The missing association of IVIG treatment and length of ICU stay observed in our study has been described previously [9].

Our study has the strength of a long observation period of 13 years in a rather homogenous population from one tertiary care centre with high standard of care, surgical procedures and co-interventions. The competing risk of death was taken into account for non-death outcomes.

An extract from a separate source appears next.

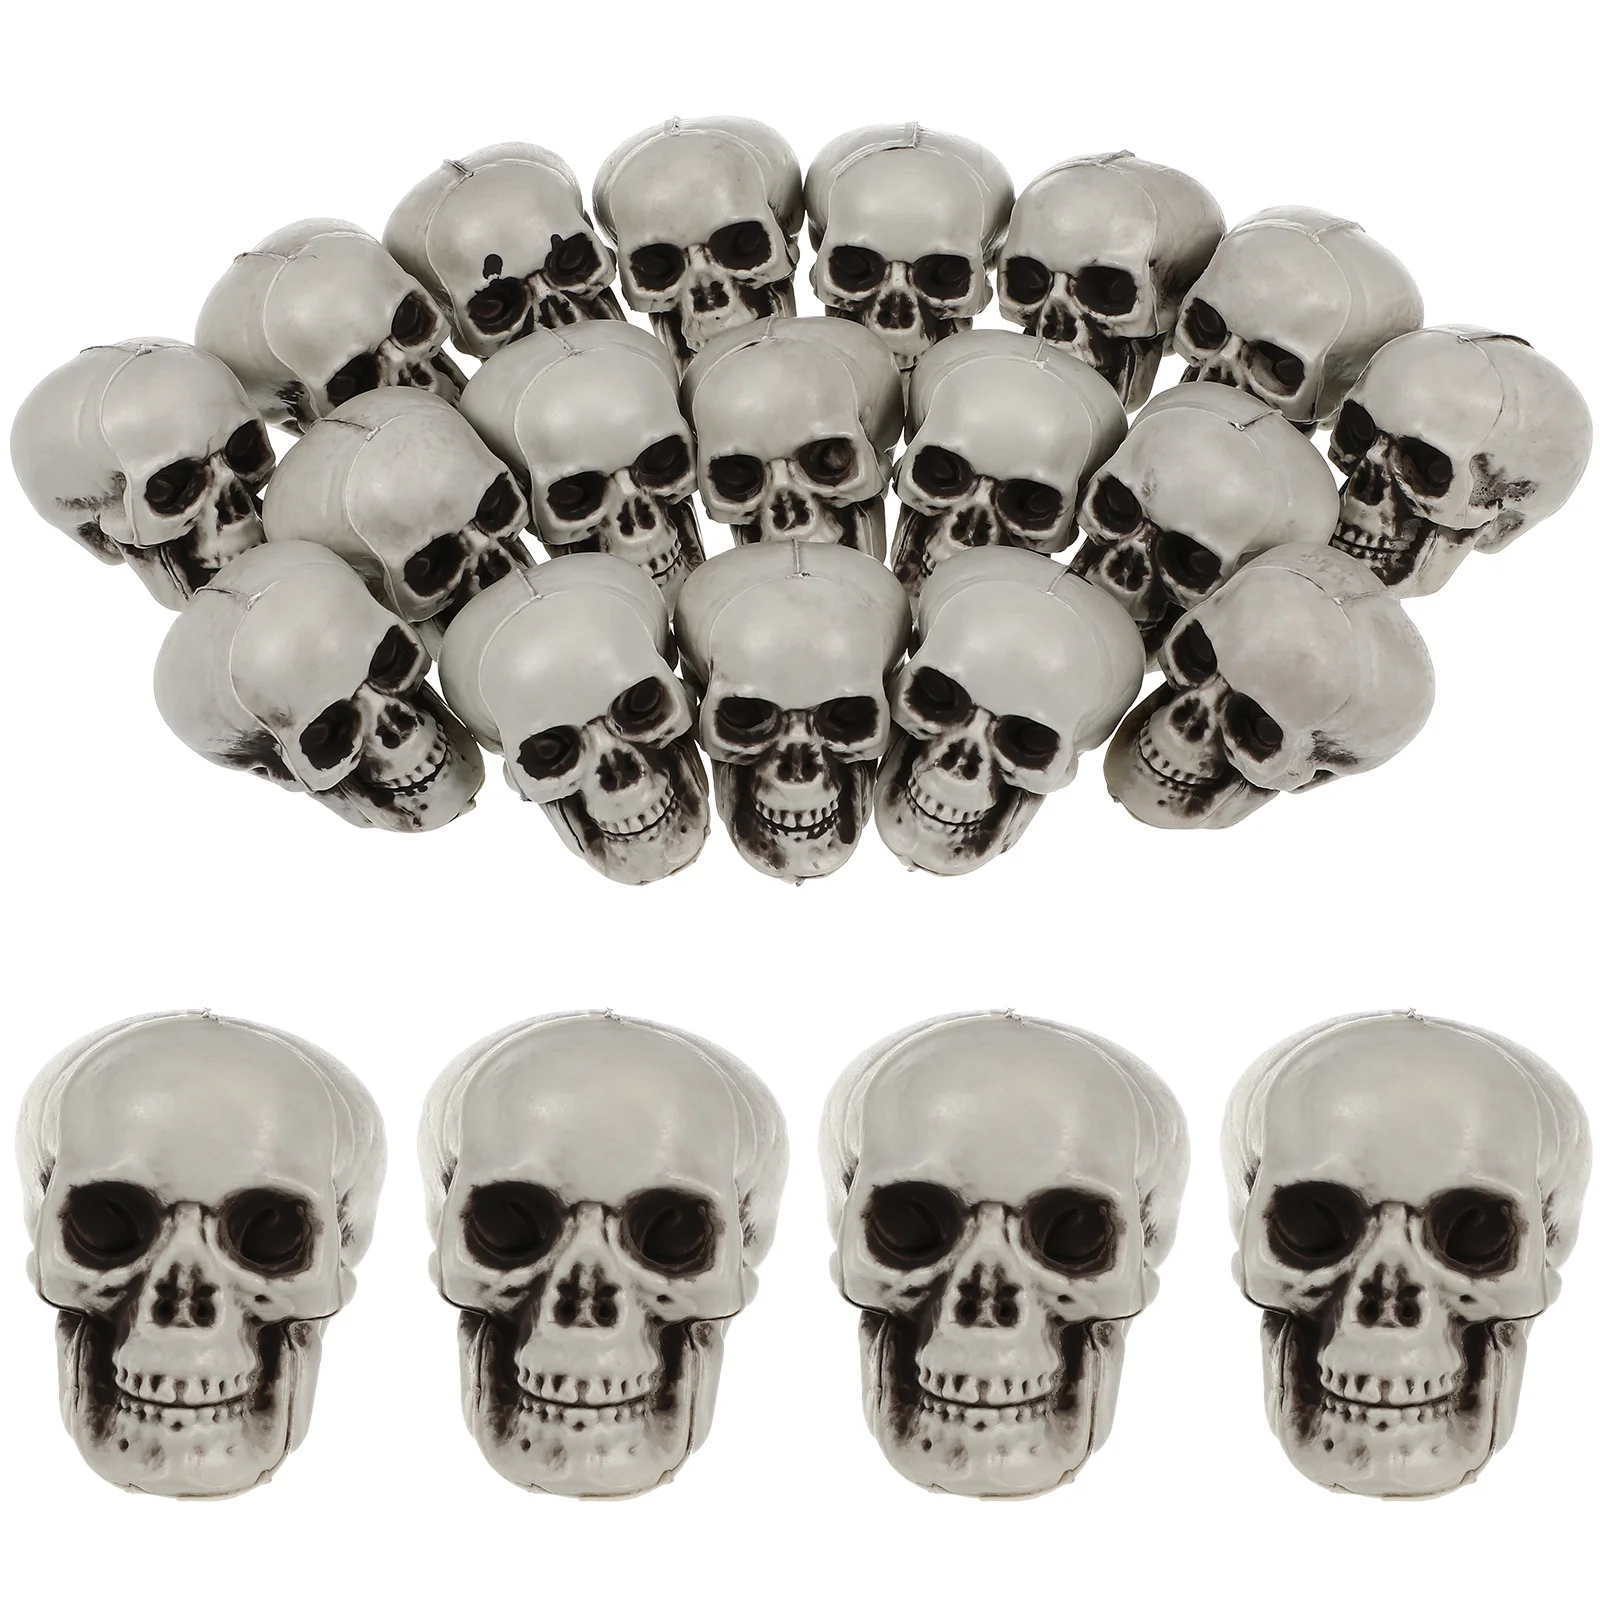 

18pcs Tiny Skulls Props Terrifying Decor for DIY Decor Haunted House Roombreak Party Decoration Halloween liquidation

Our study also has several limitations. First, the retrospective observational design only allows for estimations of association, and not causality. Second, owing to the rare incidence of NSTI, the sample size was low, which limited the number of factors we could adjust for in our analyses and the precision of our estimates. Thus, residual confounding from unmeasured factors may bias our results, and power might have been too low to detect smaller treatment effects. Third, we included patients with NSTI due to various microorganisms, not focusing on streptococci alone, which might have influenced our findings. Fourth, inclusion of patients based on diagnosis codes and surgical reports might favour selection bias.

Conclusions

In conclusion, we found no evidence for a clear benefit of IVIG treatment in NSTI in our cohort of NSTI due to various microorganisms. The fact that patients receiving IVIG appeared more severely ill warrants consideration of IVIG administration on a case-to-case basis (including considerations of possible harms, such as renal failure) in addition to the recommended antibiotic combination therapy including beta lactams and protein synthesis inhibitors. Adequately powered randomised controlled trials are needed to definitely determine the efficacy of IVIG in NSTI.